What the exercise asks
Give every line of the data again, unchanged, but with no pictures.

Stored data
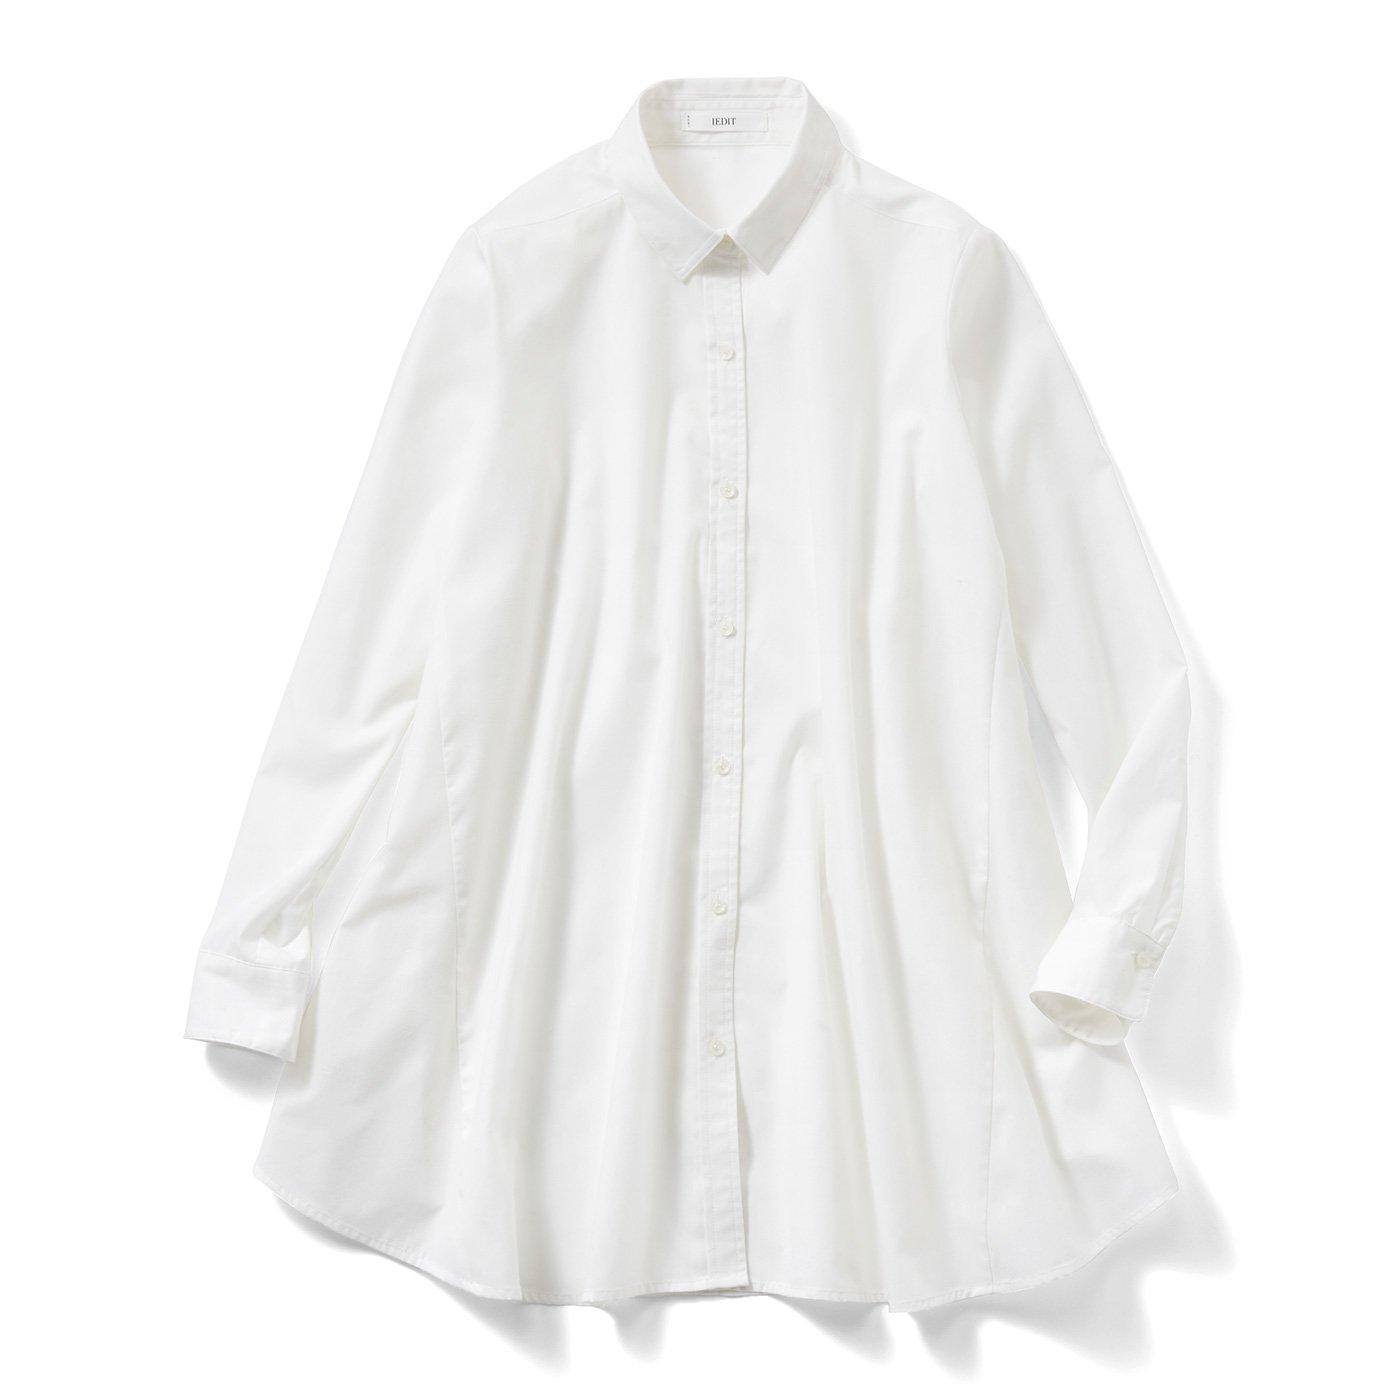 IEDIT[イディット] たっぷりフレアーが印象的なAラインシャツチュニック〈オフホワイト〉
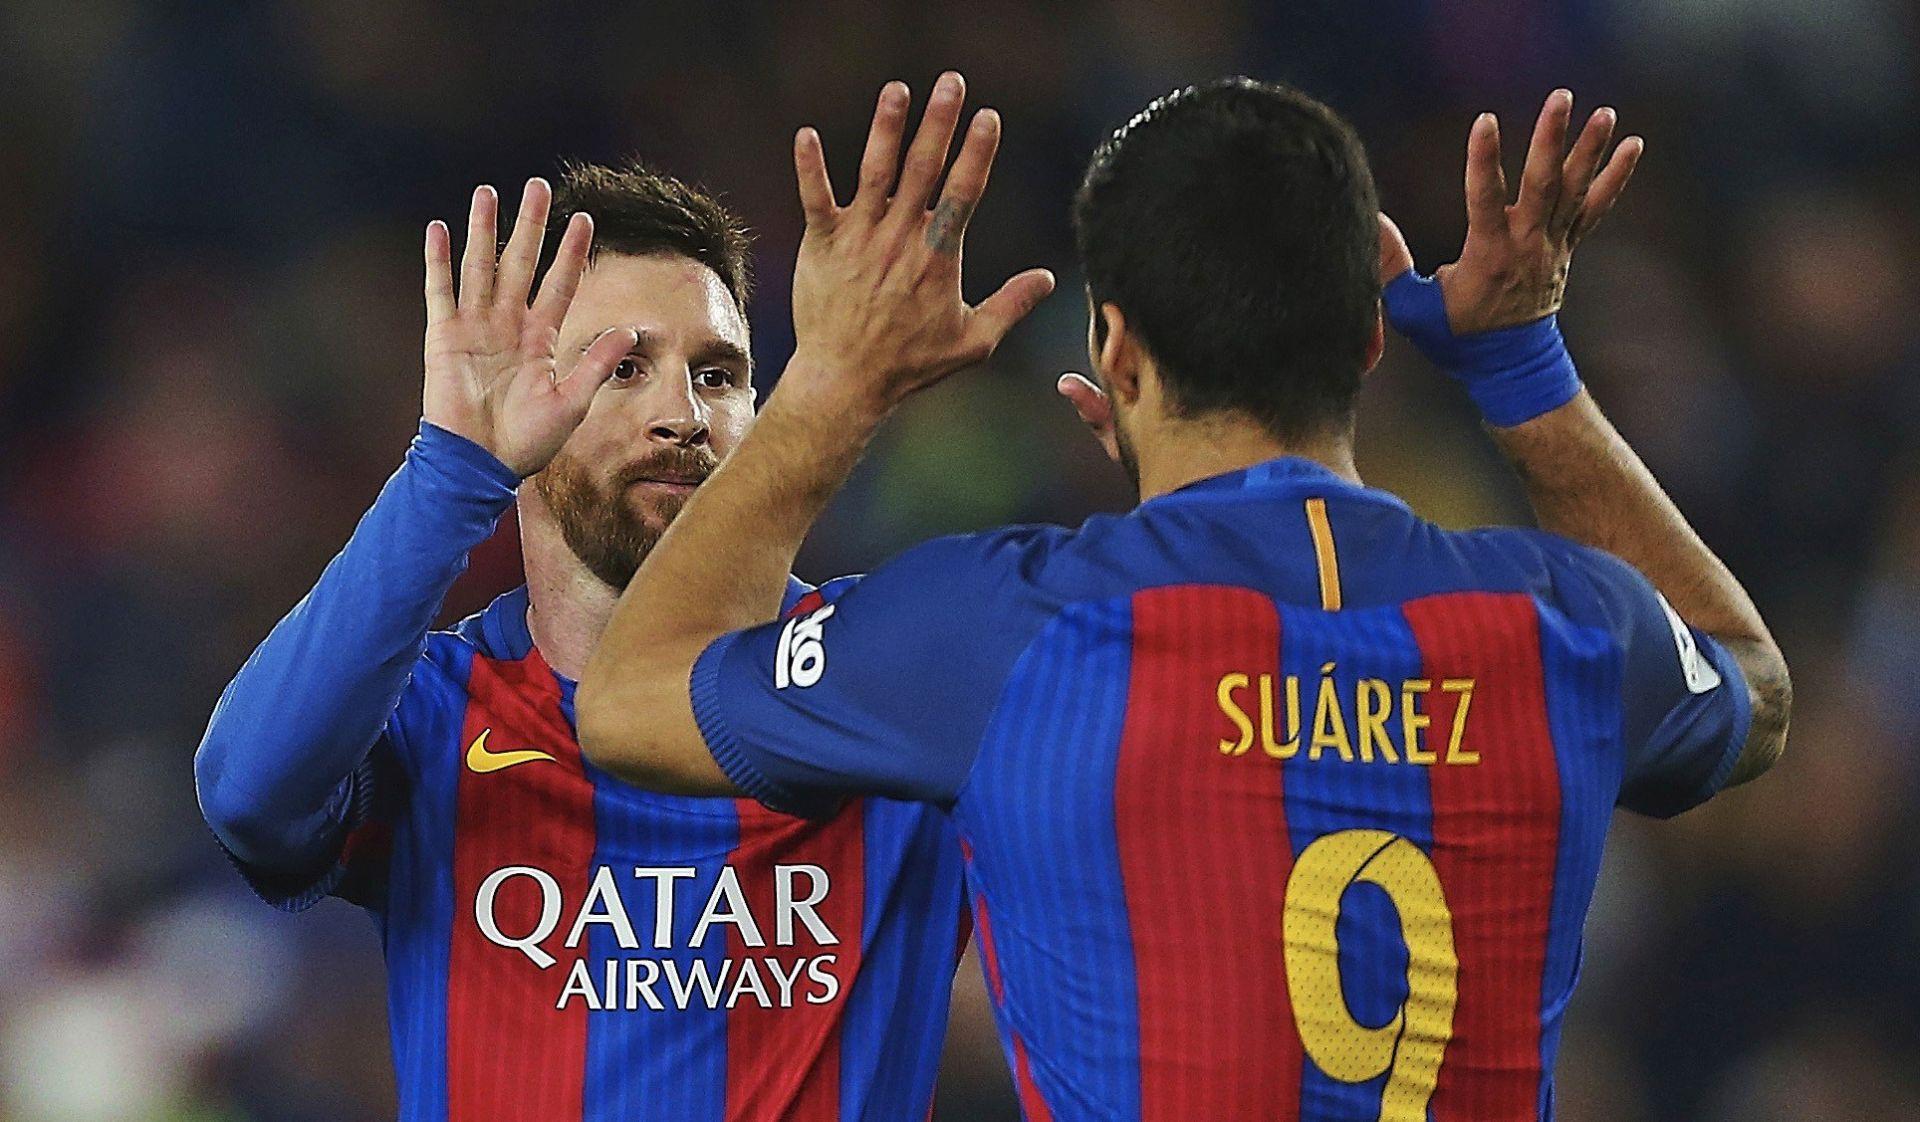 LIGA PRVAKA Real i PSG igrali šest puta, a Chelsea i Barcelona čak 15
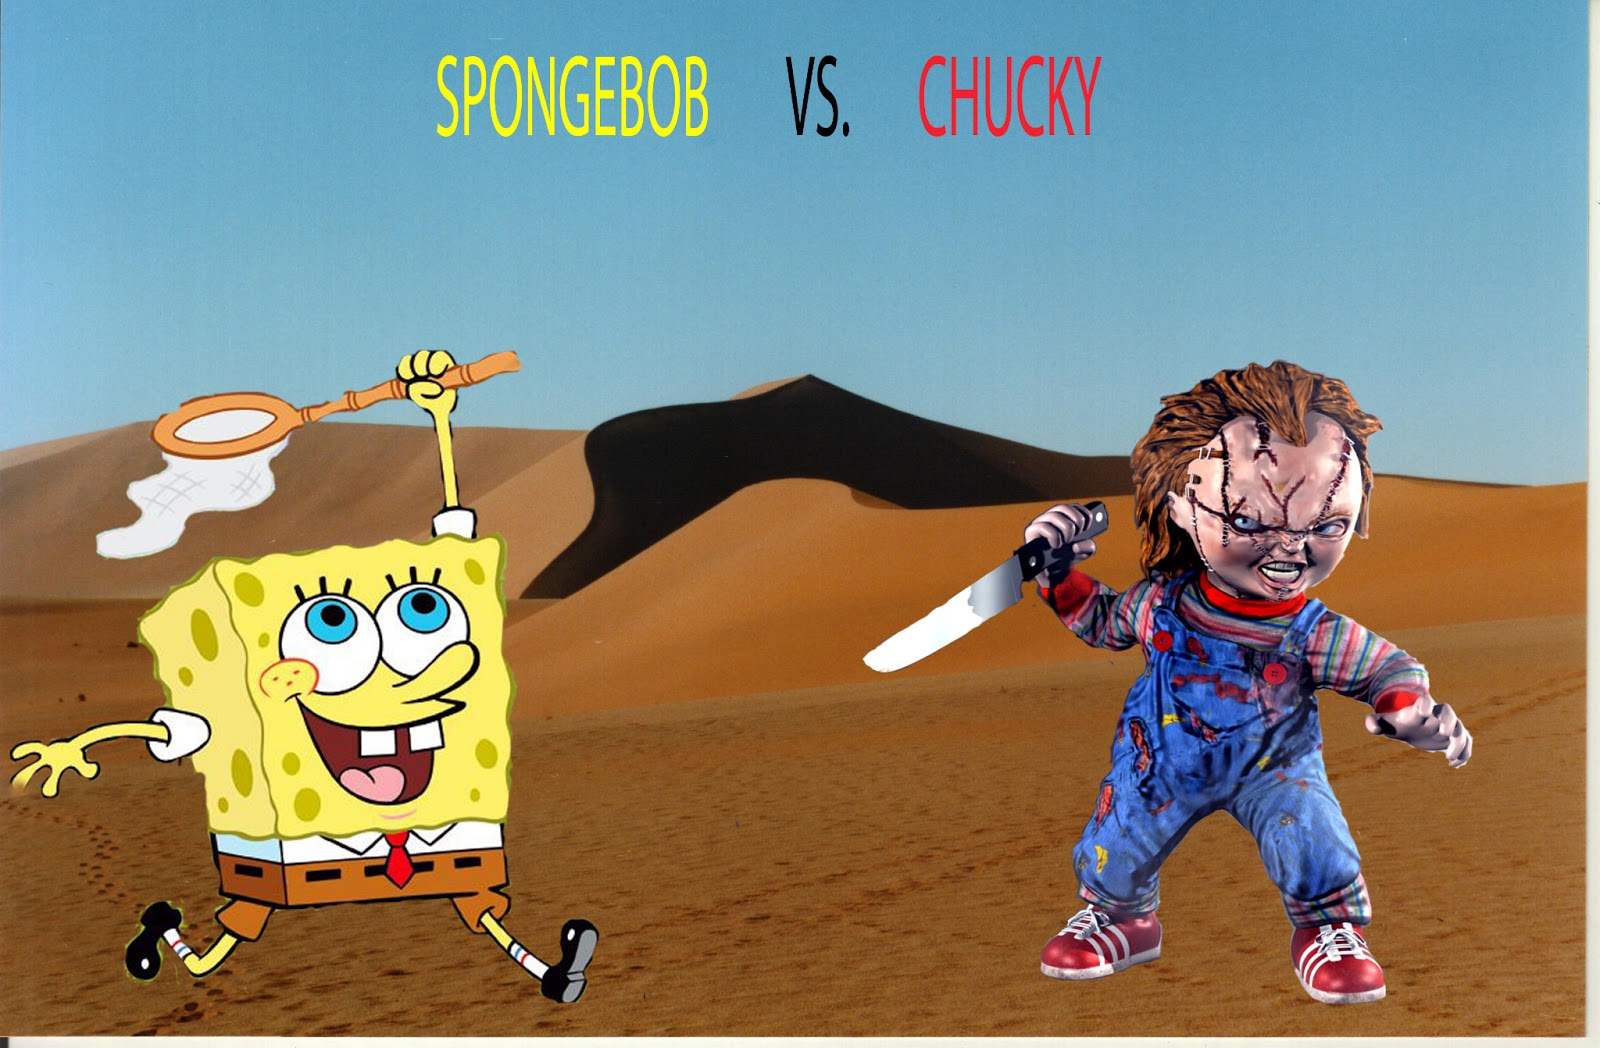 chase pothier's awesome designs: SPONGEBOB VS. CHUCKY

Your solution
 IEDIT[イディット] たっぷりフレアーが印象的なAラインシャツチュニック〈オフホワイト〉
 LIGA PRVAKA Real i PSG igrali šest puta, a Chelsea i Barcelona čak 15
 chase pothier's awesome designs: SPONGEBOB VS. CHUCKY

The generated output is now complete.